As you can see from the results, the new PVS RAM Cache with Hard Disk Overflow feature is a major game changer when it comes to delivering extreme performance while eliminating the need to buy expensive SAN I/O for both XenApp and Pooled VDI Desktops delivered with XenDesktop.  One of the reasons this feature gives such a performance boost even with modest amounts of RAM is due to how it changes the profile for how I/O is written to disk.  A XenApp or VDI workload traditionally sends mostly 4K Random write I/O to the disk. This is the hardest I/O for a disk to service and is why VDI has been such a burden on the SAN.   With this new cache feature, all I/O is first written to memory which is a major performance boost.  When the cache memory is full and overflows to disk, it will flush to a VHDX file on the disk.  We flush the data using 2MB page sizes.  VHDX with 2MB page sizes give us a huge I/O benefit because instead of 4K random writes, we are now asking the disk to do 2MB sequential writes.  This is significantly more efficient and will allow data to be flushed to disk with fewer IOPS.

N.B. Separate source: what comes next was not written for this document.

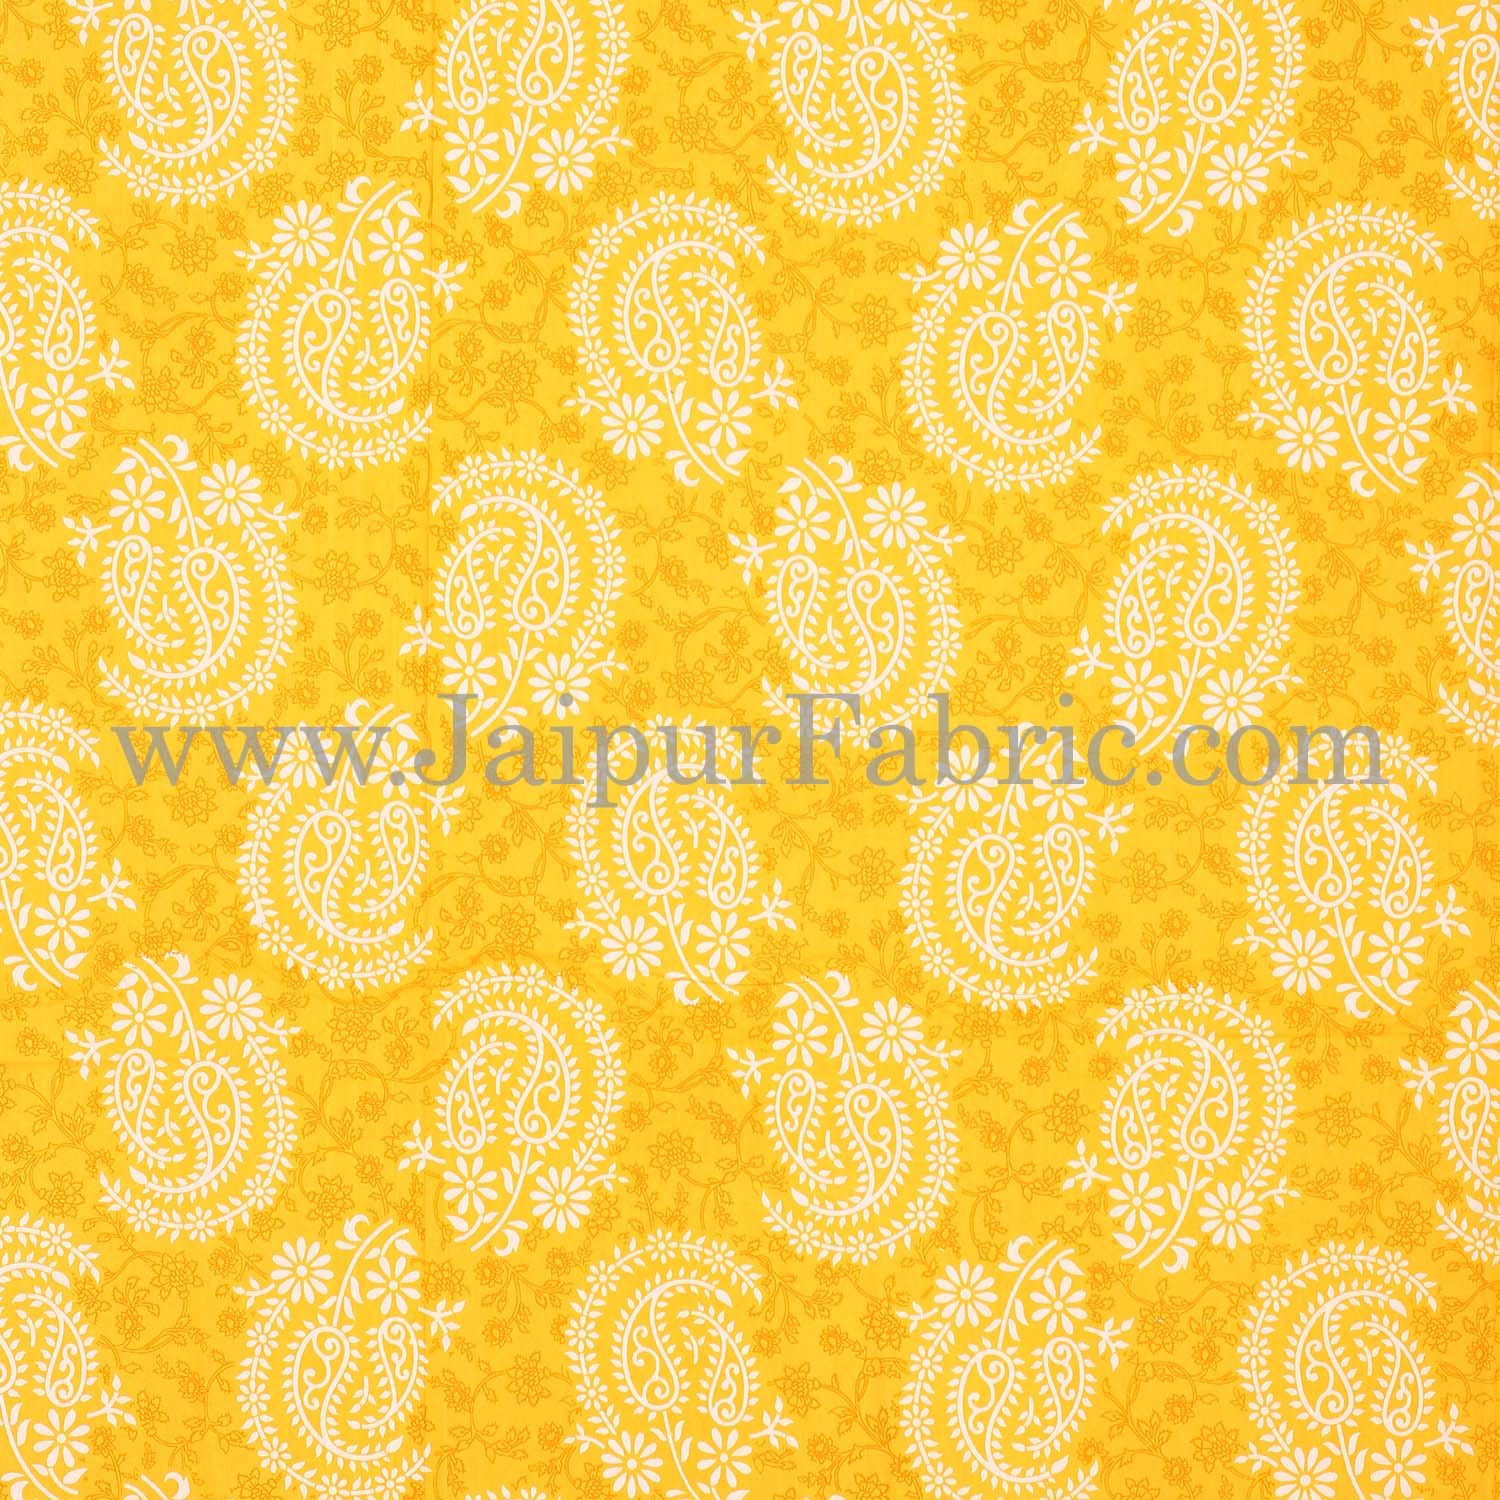 Yellow  Border With Zig-Zig Lining Twin Kerry Pattern Cotton Double Bed Sheet
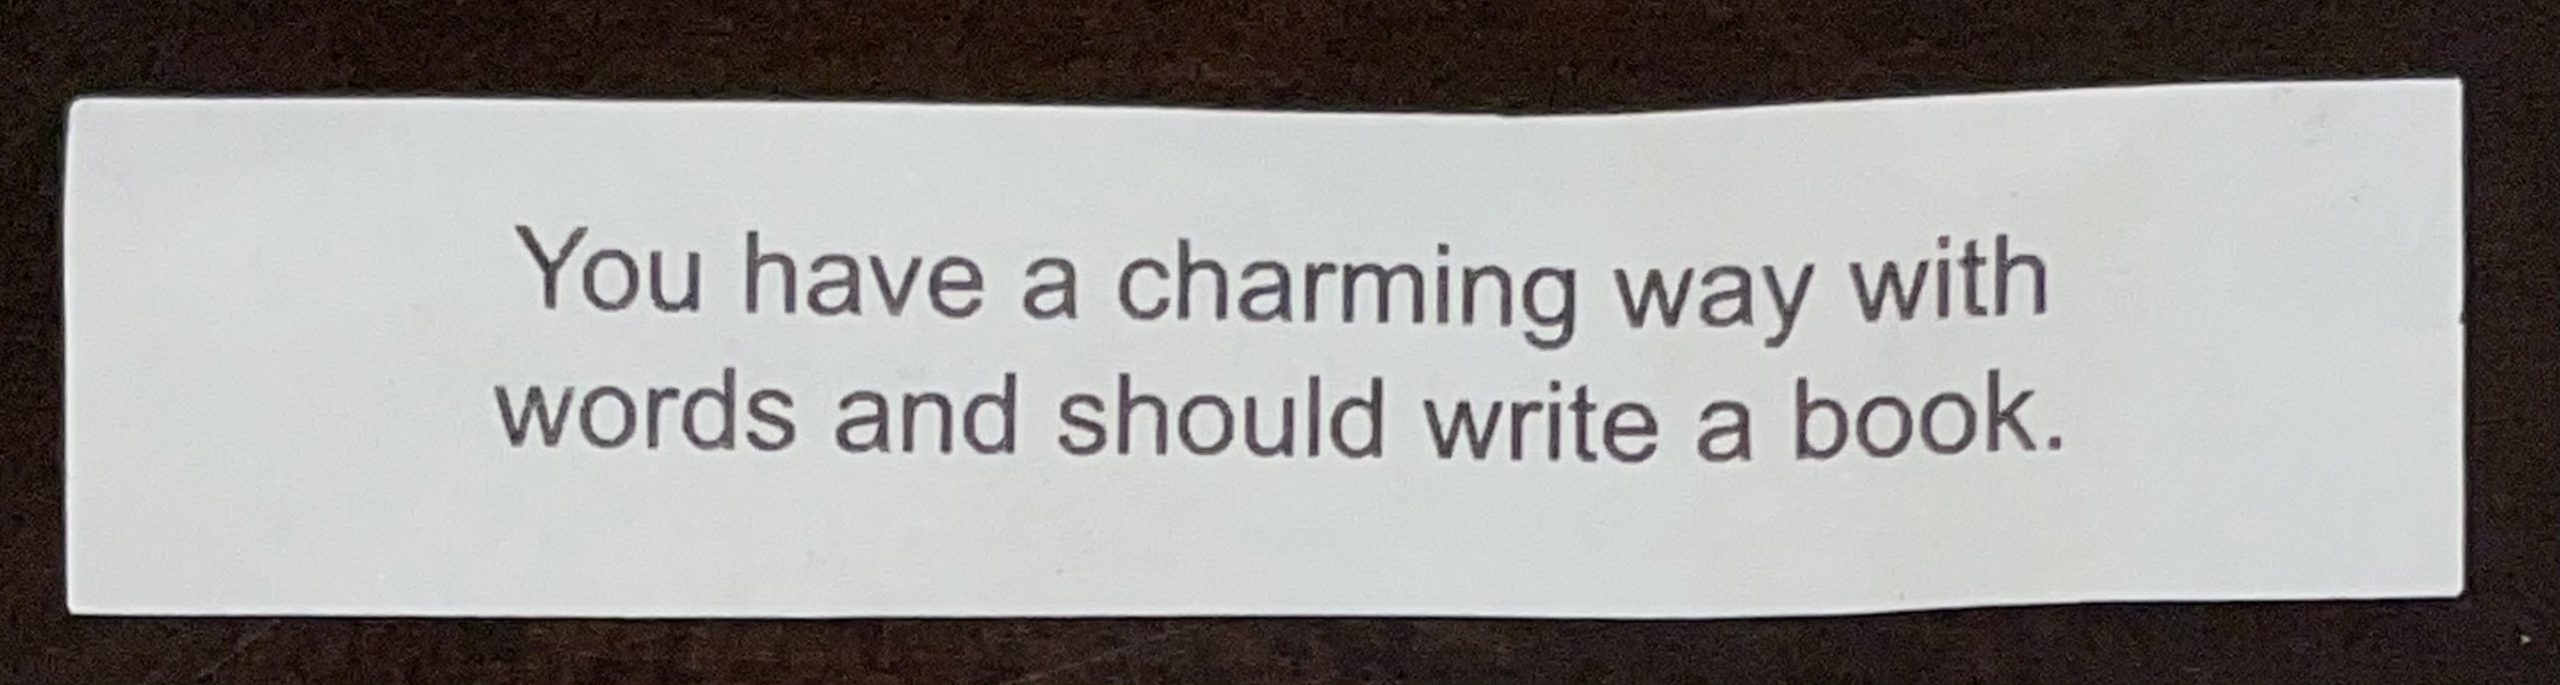 Fortune cookie with text, "You have a charming way with words and should write a book."

With the exception of the 150 Windows 7 VM test above, there was no virus protection or other security software running on my VMs.  Additionally, there was no 3rd party monitoring software.  3rd party monitoring, virus protection and other software packages are sometimes configured to write directly to the D: drive or whatever letter is assigned to the PVS write cache disk.  This is so that the I/O is not lost between reboots.  If you configure such software in your environment, you need to calculate the additional IOPS that are generated and factor it into your planning.

Here are the key takeaways.

  • This solution can reduce your IOPS required per user to less than 1!!!
  • You no longer need to purchase or even consider purchasing expense flash or SSD storage for VDI anymore. This is a HUGE cost savings!  VDI can now safely run on cheap tier 3 SATA storage!
  • Every customer using PVS should upgrade and start using this new feature ASAP no matter how much RAM you have. This feature is actually required to fix issues with ASLR.
  • This feature uses non-paged pool memory and will only use it if it is free.  If your OS runs low on RAM, it will simply not allocate any more RAM for caching.  Also, a great new feature with this cache type is that it gives back memory and disk space as files/blocks in cache are deleted. In previous versions of PVS once a block was committed to RAM or Disk, it was never freed.  This is no longer the case!  The risk associated with running out of RAM if you size properly is very low.
  • For VDI workloads even a small amount of RAM can make a HUGE difference in performance.  I would recommend configuring at least 256 MB of cache for VDI workloads.
    • For Windows 7 32-bit VMs you should allocate 256 MB RAM for caching.
    • For Windows 7 x64 VMs with 3 – 4 GB RAM, I would recommend allocating 512 MB RAM for caching.
    • For Windows 7 x64 VMs with more than 4 GB, feel free to allocate more than 512 MB.
    • For XenApp workloads I would recommend allocating at least 2 GB for caching.  In most configurations today, you probably have much more RAM available on XenApp workloads, so for maximum performance I would allocate even more than 2 GB RAM if possible.  For example, if you have 16 GB RAM in your XenApp VM, you should safely be able to allocate at least 4 GB for the PVS RAM Cache. Of course, you should always test first!

I wish you luck as you implement this amazing new PVS feature and significantly reduce your IOPS while boosting the user experience!